If you use a generator (common in Lagos, Accra, and many Asian cities), now is the time to compare solar options. Even a small solar system that powers your fan and phone charging saves your fuel for when you truly need it.
Learning how to reduce fuel dependence before an oil price hike is one of the smartest financial moves you can make.
2. Stock Up on Essentials – But Do Not Hoard
Buy an extra bag of rice. An extra carton of noodles. An extra 2kg of beans or lentils. Store them properly.
But do not clear out the entire shop. Hoarding creates artificial scarcity and drives prices even higher. Buy for your family's next 4 to 6 weeks.
This is different from the emergency savings we discussed in how to save $1,000 fast. That was for unexpected expenses. This is for predictable inflation.
3. Move Cash Into Assets That Protect Value
Cash in a savings account loses value when inflation spikes. Consider these alternatives:
If you are looking for the best assets to protect against oil price inflation, focus on things that either hold value or help you spend less.

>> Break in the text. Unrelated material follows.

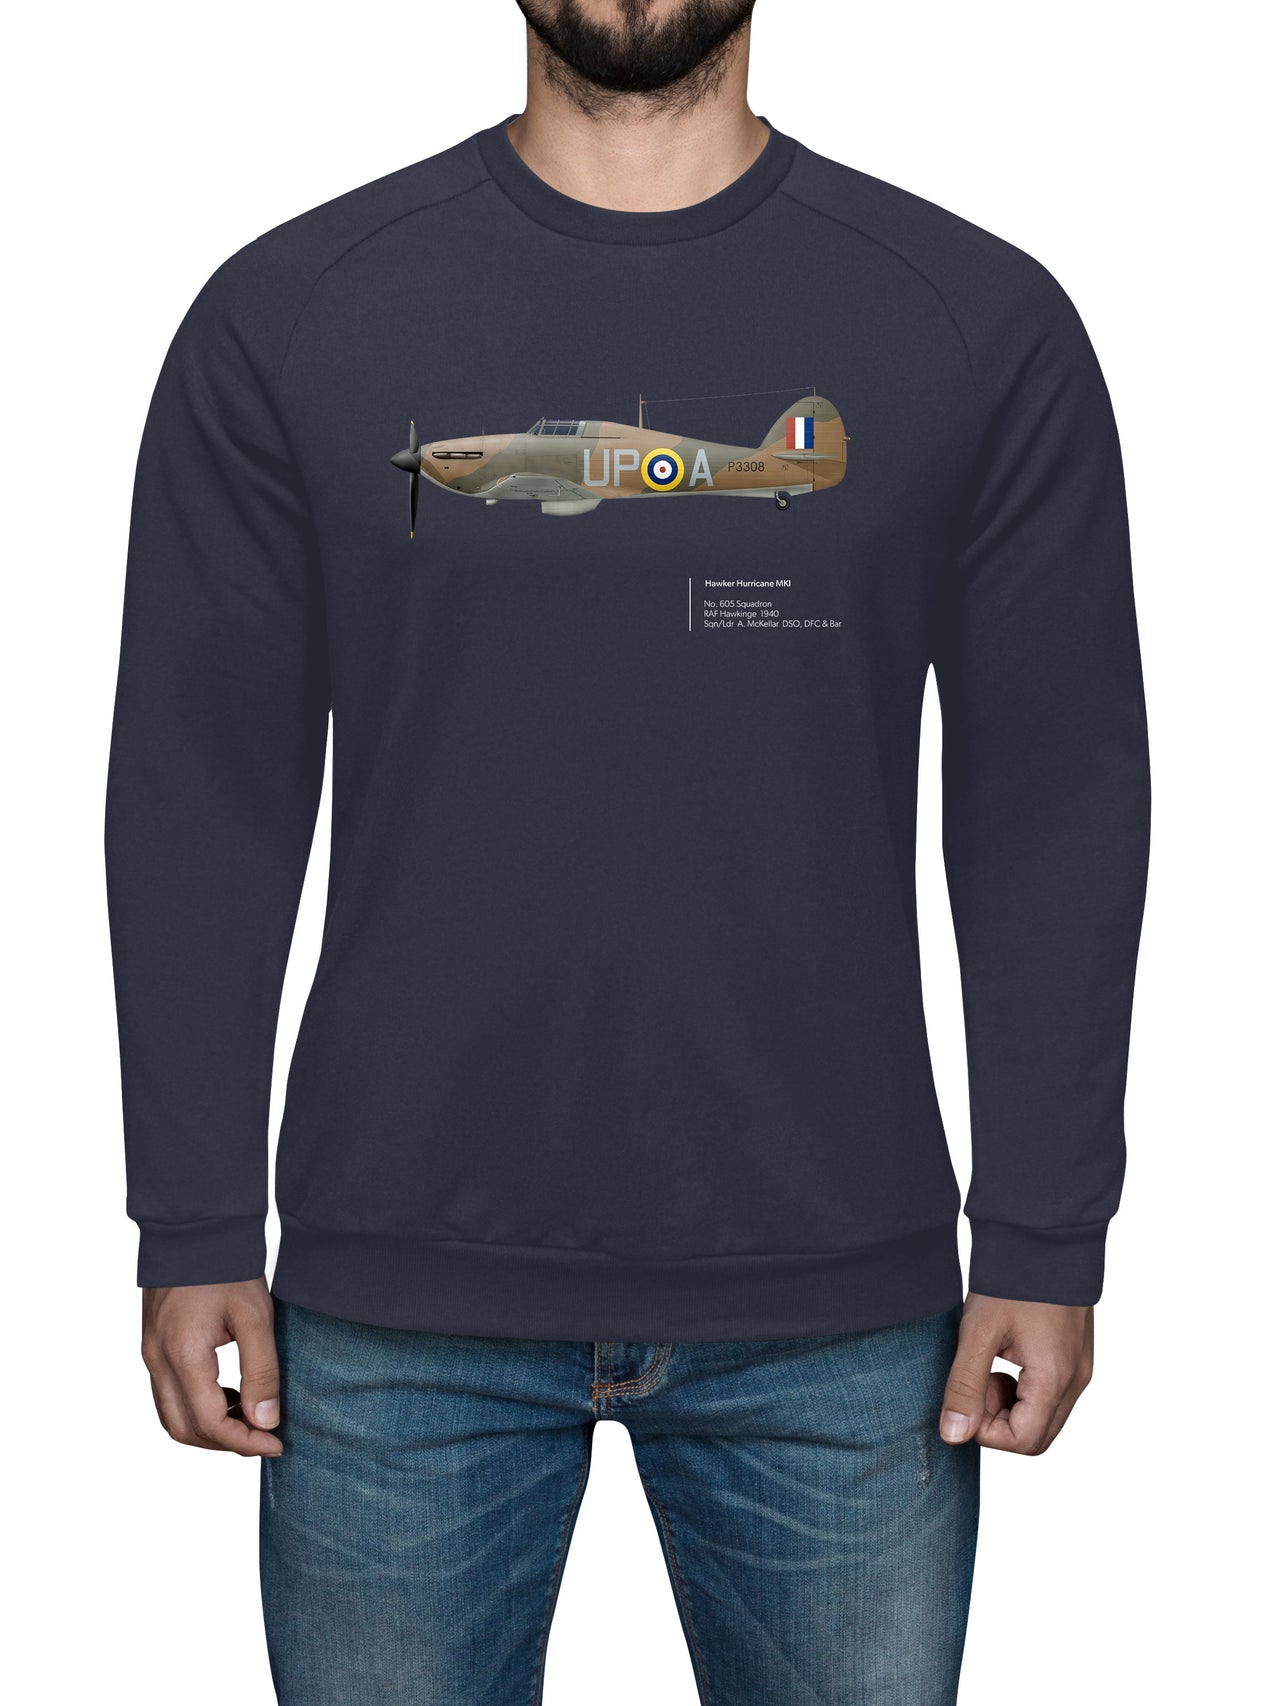 Hurricane 605SQN - Sweat Shirt

4. Cut Non-Essential Subscriptions Now
That streaming service you watch once a month. The gym membership you used twice last quarter. The premium app subscription you forgot about.
Cancel them for three months. Put that money toward extra food or fuel storage. You can always resubscribe once prices stabilise.
According to NerdWallet, the average person wastes over $30 per month on unused subscriptions. That is $360 per year – or an extra week of groceries during a crisis.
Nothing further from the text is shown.